Todinis lifted his head and looked north.
Against the backdrop of the snow-white peaks, silver-white armor shone brilliantly beneath the dawn light on the horizon.
Cold forged iron clung tightly to every inch of those reckless bodies.
Long, narrow metal visors exposed only their eyes and noses, while the roar of iron hooves echoed through the entire pine forest.
A unit of armored cavalry charged unexpectedly from the direction of Kohl Town.
The knights on horseback held long swords and lances wreathed in flowing flame.
The Centigors gathered outside the frost barrier were almost burned to ash without any chance to resist.
The threat posed by these human-bodied, horse-legged monsters existed only when they were sprinting at full speed.
Once stopped, they were nothing more than trapped beasts waiting to be slaughtered.
Templars!
Just as Todinis made his next judgment, the carriage inside the barrier suddenly exploded apart.
Bone-chilling frost flowed from the cracks like liquid, and snow pellets whirled across the entire battlefield.
Fine snow tangled in luxurious platinum-blonde hair.
Frost flowers bloomed from beneath the soles of high heels.
The one who walked out of the carriage was not some fragile person in need of protection.
Her Highness, the Saintess of the Blazing Sun Church, was herself a terrifying weapon.
As the sea-crystal staff in her hand swept through the air, ferocious, sharp ice thorns burst from the surface of the frost barrier, piercing through the surviving Centigors.
Todinis realized that this was a trap.
They had been misled by the intelligence provided by the informant.
They had to retreat, even if that was a disgraceful act for hoofed warriors.
At this moment, the beast pack’s camp was empty.
If they suffered too many losses here, the very concept of the beast pack would cease to exist.
He would no longer be a beast pack leader, and that terrifying “Trampler” would neither acknowledge nor accept a fallen loser.

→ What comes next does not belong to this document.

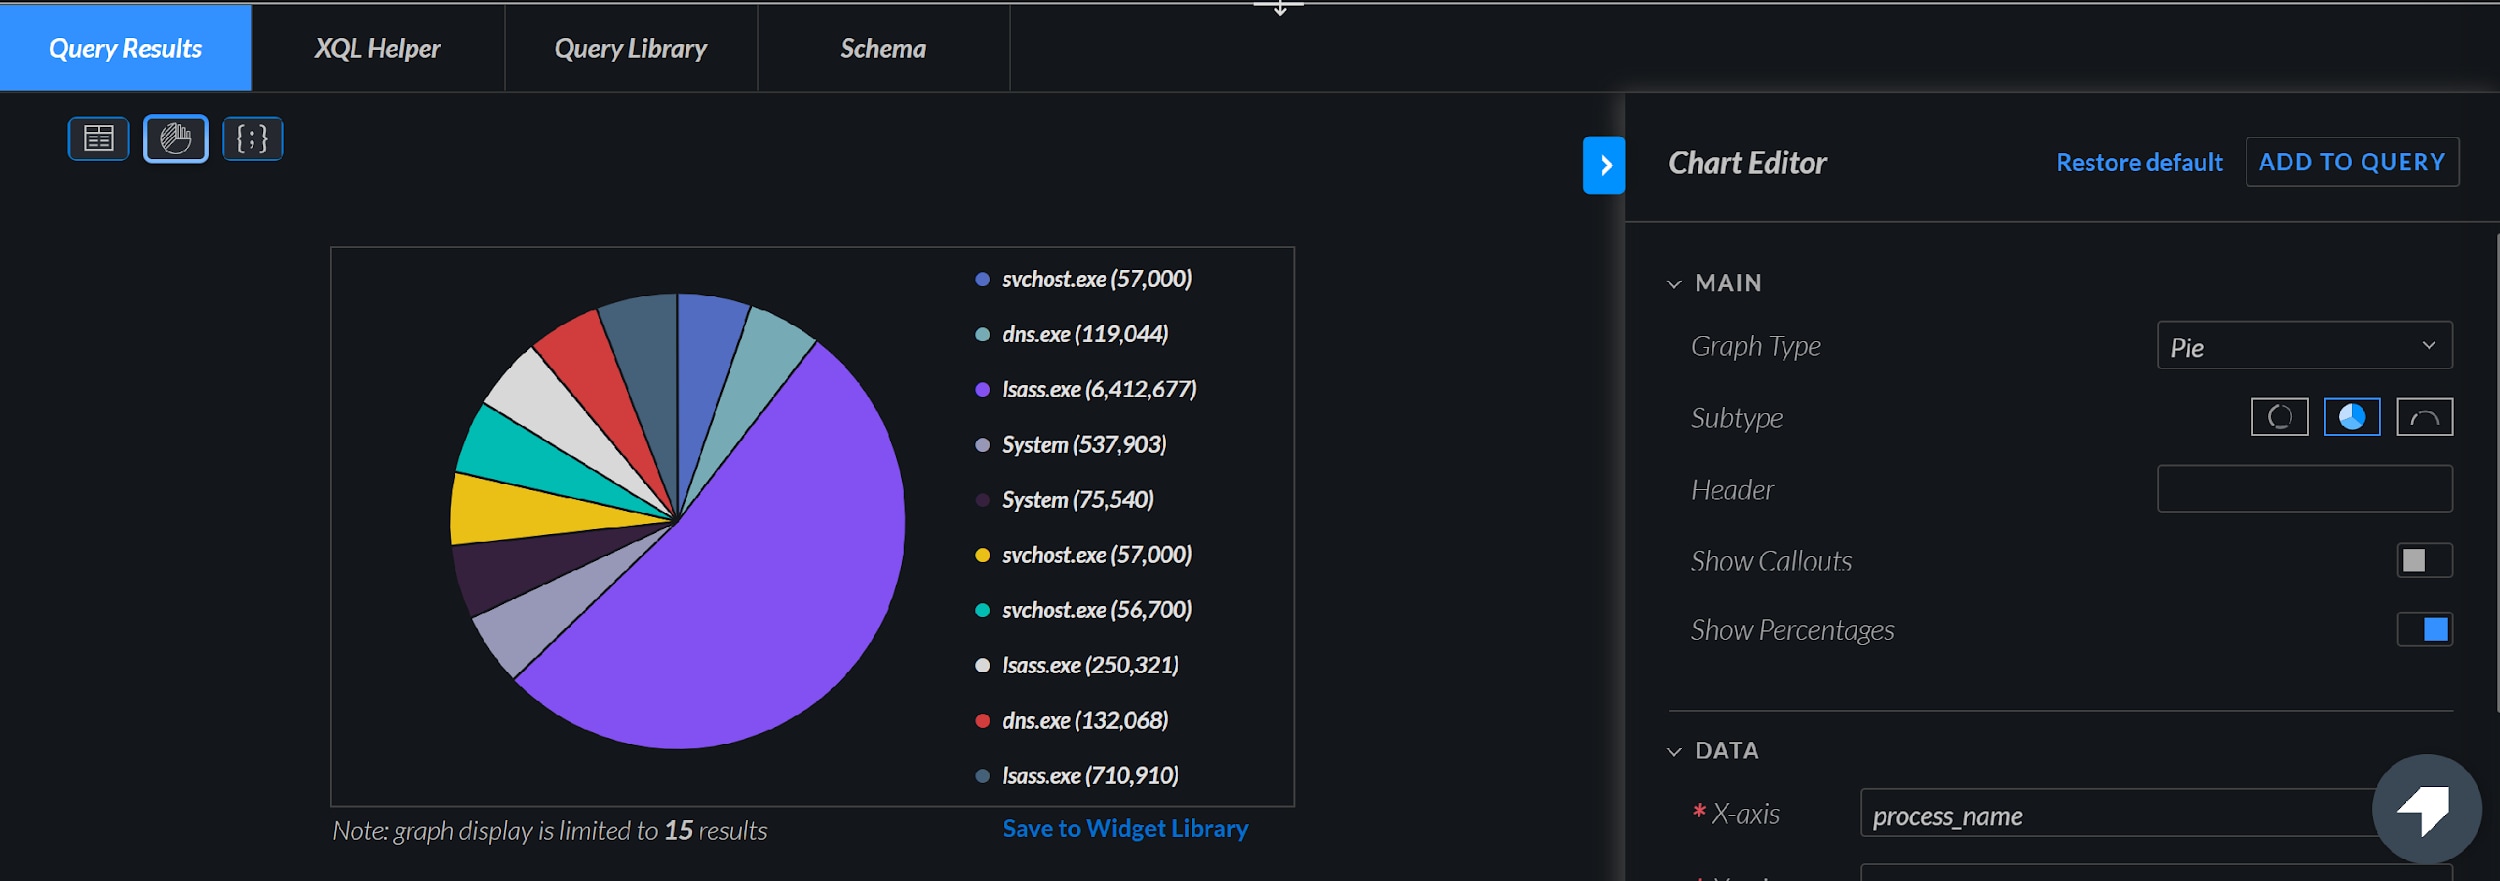 Cortex XDR 2.7 now includes custom pie charts, as shown in this screenshot, that help analysts quickly identify top search results, easing investigations.

Driven by instinctive fear, Todinis let out a low growl of retreat.
However, the warriors no longer obeyed his commands.
They charged toward those iron-clad riders, and their so-called assault ultimately turned to dust within platinum-white flames.
The weaker Ungors fled in panic without any sense of direction.
Many of them even blindly crashed in front of the iron cavalry’s hooves, only to be crushed beneath the violent warhorses.
By the time Todinis came back to his senses, he was already completely surrounded.
Those silver-armored knights pointed blazing sword edges at him, and a stinging heat reached the tips of his fur.
The knights opened a path.
A girl with platinum-blonde hair slowly walked forward from among them.
She was so slender and frail, forming a sharp contrast with the fully armored knights around her.
In Todinis’s eyes, perhaps this was his only chance.
Driven into a dead end, the war-horn beast leader suddenly erupted into action.
He raised the axe blade in his hand and swung it toward the seemingly fragile girl.
A shocking cold rushed toward him head-on.
He felt as if he were facing an open ice cellar.
Everything froze.
It was as though time itself had stopped.
Todinis discovered that he seemed forever unable to approach the girl.
His movement stalled in midair, and not even a whimper could escape his throat.
Frozen drops of blood fell onto the snow, striking small pits into the white ground.
A sharp pain spread from his throat throughout his body.
Only then did he discover that a slanted, razor-sharp ice spike had extended from beneath the girl’s feet at some unknown moment.
It had pierced the war-horn beast through the neck.
The girl lifted her head slightly.
She coldly met the gaze of this trapped beast.
Ice-blue eyes, as if a thick layer of frost forever covered them.
In the final moment before Todinis lost consciousness, all he felt from the depths of those eyes was endless, bone-piercing cold.